Furthermore, the patients in the bid prestudy basal group did not experience a greater HbA1c reduction after switching to BIAsp 30 than those in the qd prestudy basal group; therefore the absolute dose does not appear to be the key factor in achieving glycaemic targets. The current results suggest that dose titration allows patients to achieve targets, as the dose increment over the course of the study was very similar in both groups.

All patients who fail to achieve glycaemic control with basal insulin, with or without OADs, require additional treatment measures. Switching insulin therapy to BIAsp 30, which addresses both basal and prandial insulin needs, therefore constitutes treatment intensification (22). From the results we report here, we can draw some conclusions about how dose switching was implemented in real clinical practice. First, when patients were switched from basal insulin to BIAsp 30, most were started on a bid regimen; after 26 weeks, 12% of patients intensified therapy to BIAsp 30 tid. Secondly, patients who transferred from qd basal insulin to BIAsp 30 (mostly to bid) approximated a 1 : 1 basal insulin transfer and similarly those who transferred from bid basal insulin to BIAsp 30. These data may indicate a stepwise intensification from basal insulin, starting with a 1 : 1 BIAsp 30 qd dose switch, intensifying to BIAsp 30 bid for most patients. Thereafter, a small proportion were switched to BIAsp 30 tid within 6 months. The 1-2-3 study (9) of BIAsp 30 in patients with type 2 diabetes supports this progression. Here, 100 patients were started on BIAsp 30 qd and intensified to bid and tid at 16-week intervals if target HbA1c (≤ 6.5%) was not achieved. In the 1-2-3 study, the proportions of patients that reached HbA1c < 7.0% on qd, bid and tid BIAsp 30 were 41%, 70% and 77% respectively (9).

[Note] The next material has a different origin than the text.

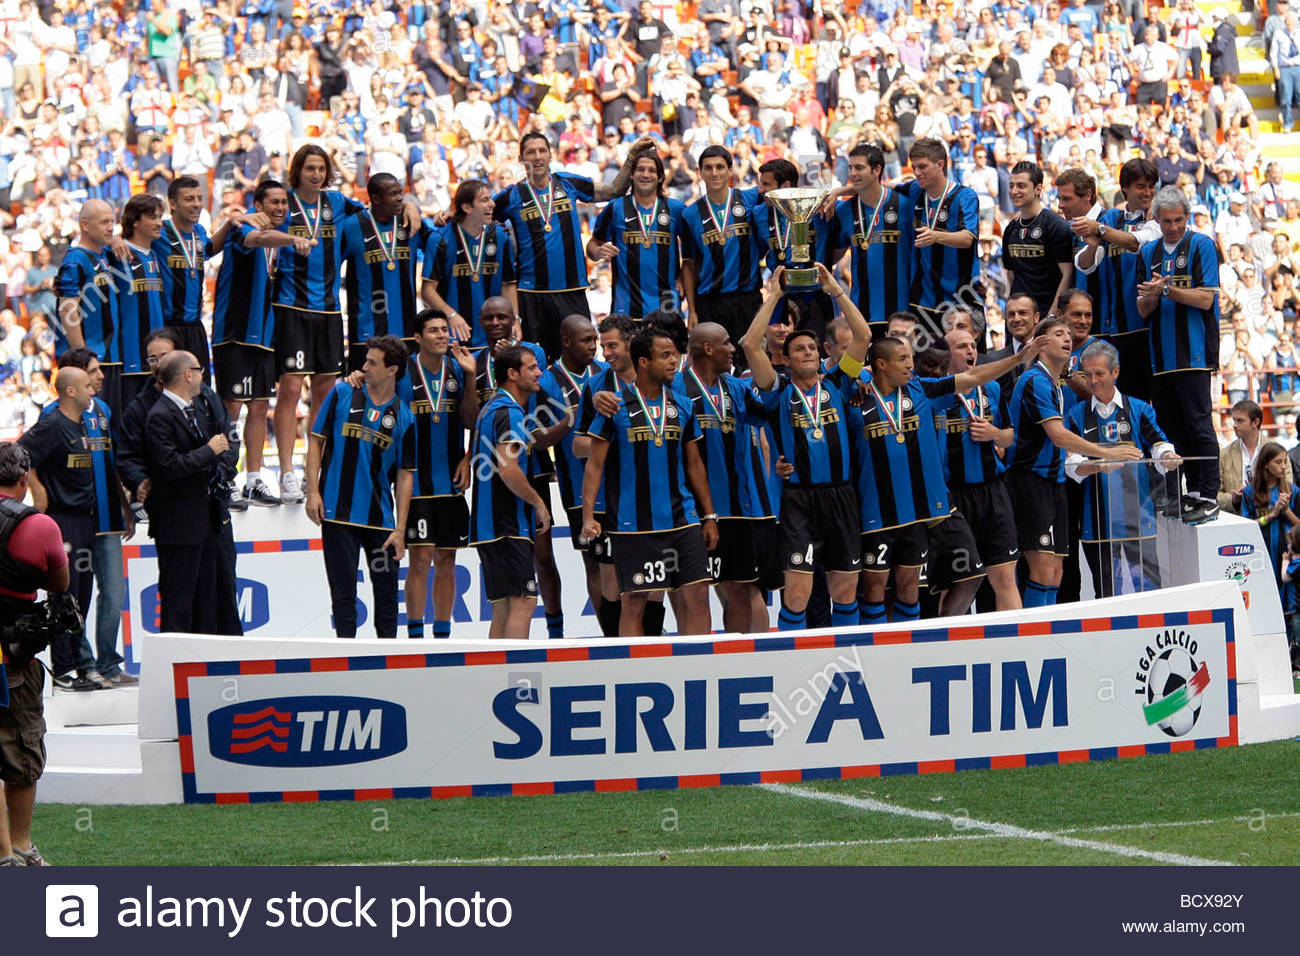 Inter Players With Cup Milano 2009 Serie A Football Championship Stock Photo Alamy

Observational studies offer the opportunity of studying large and heterogeneous populations; however, they also have some limitations. These include a lack of control groups, potential patient recall bias and possible variations in clinical practice between countries. The limitations of the IMPROVE™ study have been discussed at length in the article reporting baseline data (19).

Conclusions

The results of this IMPROVE™ subgroup analysis demonstrate that patients with type 2 diabetes inadequately controlled on basal insulins may improve their glycaemic control by intensification to BIAsp 30 therapy. Regardless of their prior basal insulin regimen, switching to BIAsp 30 – bid in the majority of cases – enabled many patients in this international cohort to achieve the HbA1c target without hypoglycaemia.